FIG. 2 is a diagram showing a layout pattern of the basic cell shown in FIG. 1;
3 is a diagram showing a gate array using the basic cell shown in FIGS. 1 and 2. FIG.
4 is an equivalent circuit diagram of a two-input NAND circuit formed using the basic cell shown in FIGS. 1 and 2. FIG.
FIG. 5 is a diagram showing a layout pattern of the 2-input NAND circuit shown in FIG. 4;
FIG. 6 is an equivalent circuit diagram of a basic cell different from FIG.
7 is a diagram showing a layout pattern of the basic cell shown in FIG. 6. FIG.
8 is a diagram showing a gate array using the basic cell shown in FIGS. 1 and 2 and the basic cell shown in FIGS. 6 and 7. FIG.

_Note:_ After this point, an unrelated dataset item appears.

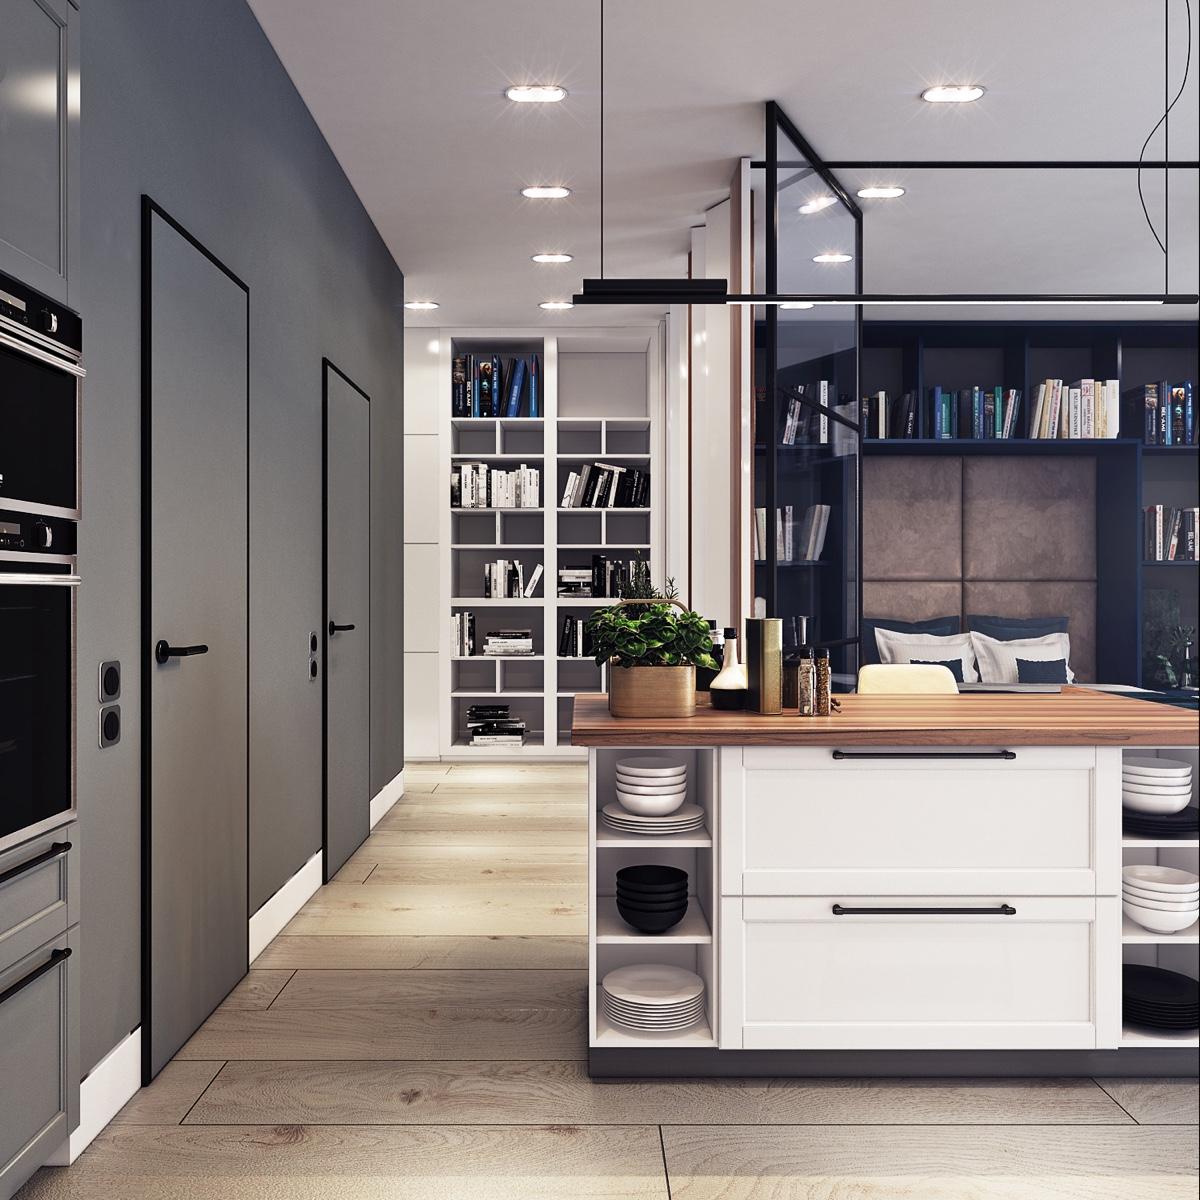 Beautiful Studio Apartment Designs Combined With Modern: 5 Beautiful Studio Apartments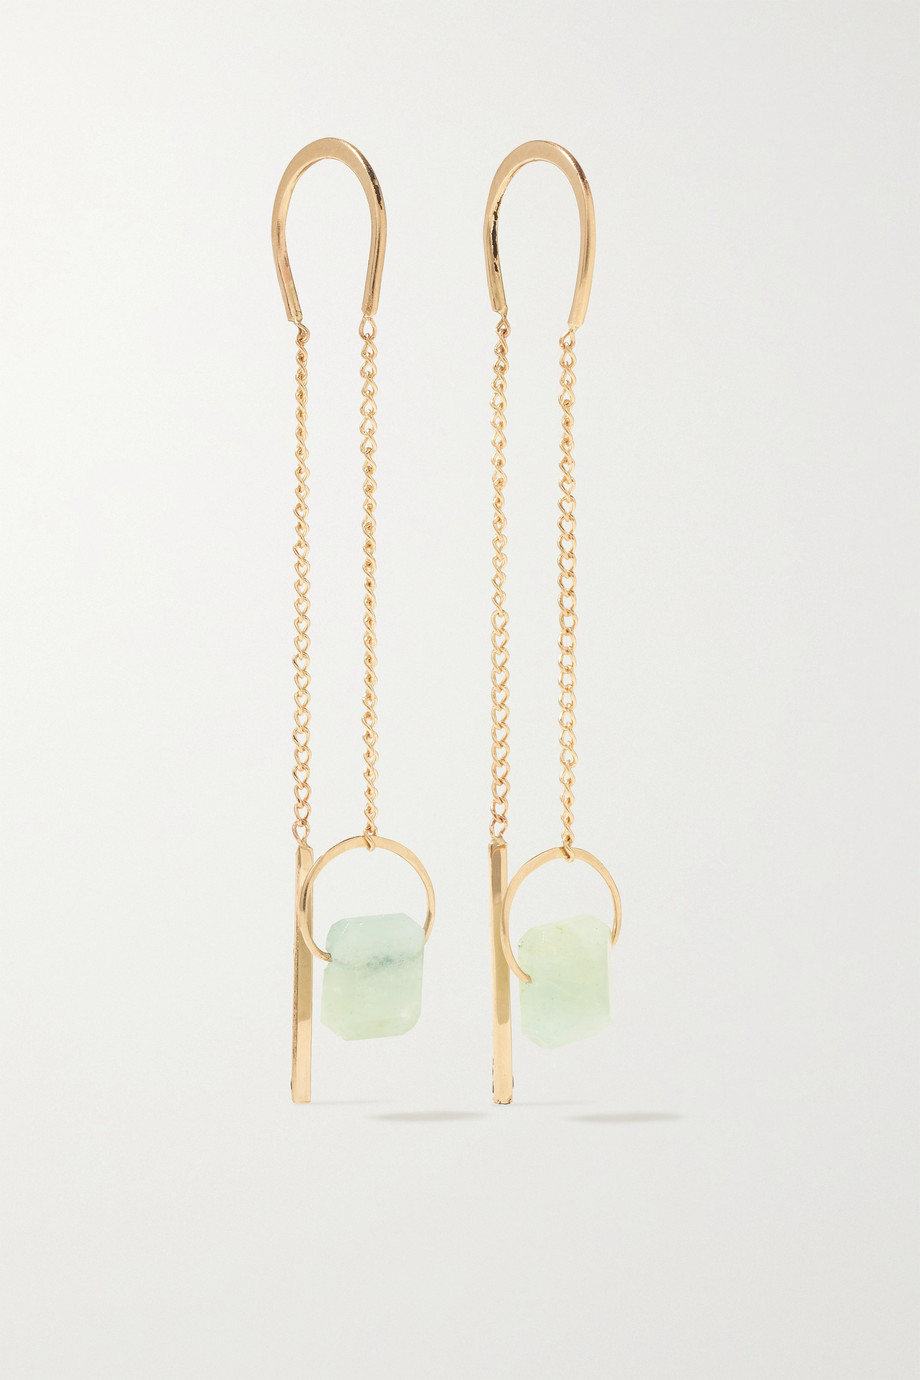 Melissa Joy Manning 14-karat recycled gold aquamarine earrings

FIG. 9 is an equivalent circuit diagram of a two-input NAND circuit different from FIGS. 4 and 5 formed using the basic cell shown in FIGS. 1 and 2;
10 is a diagram showing a layout pattern of the 2-input NAND circuit shown in FIG. 9; FIG.
FIG. 11 is a diagram showing a gate array on which a conventional basic cell is mounted.
12 is a diagram showing a layout pattern of basic cells mounted on the gate array of FIG. 11. FIG.
13 is an equivalent circuit diagram of the basic cell shown in FIG.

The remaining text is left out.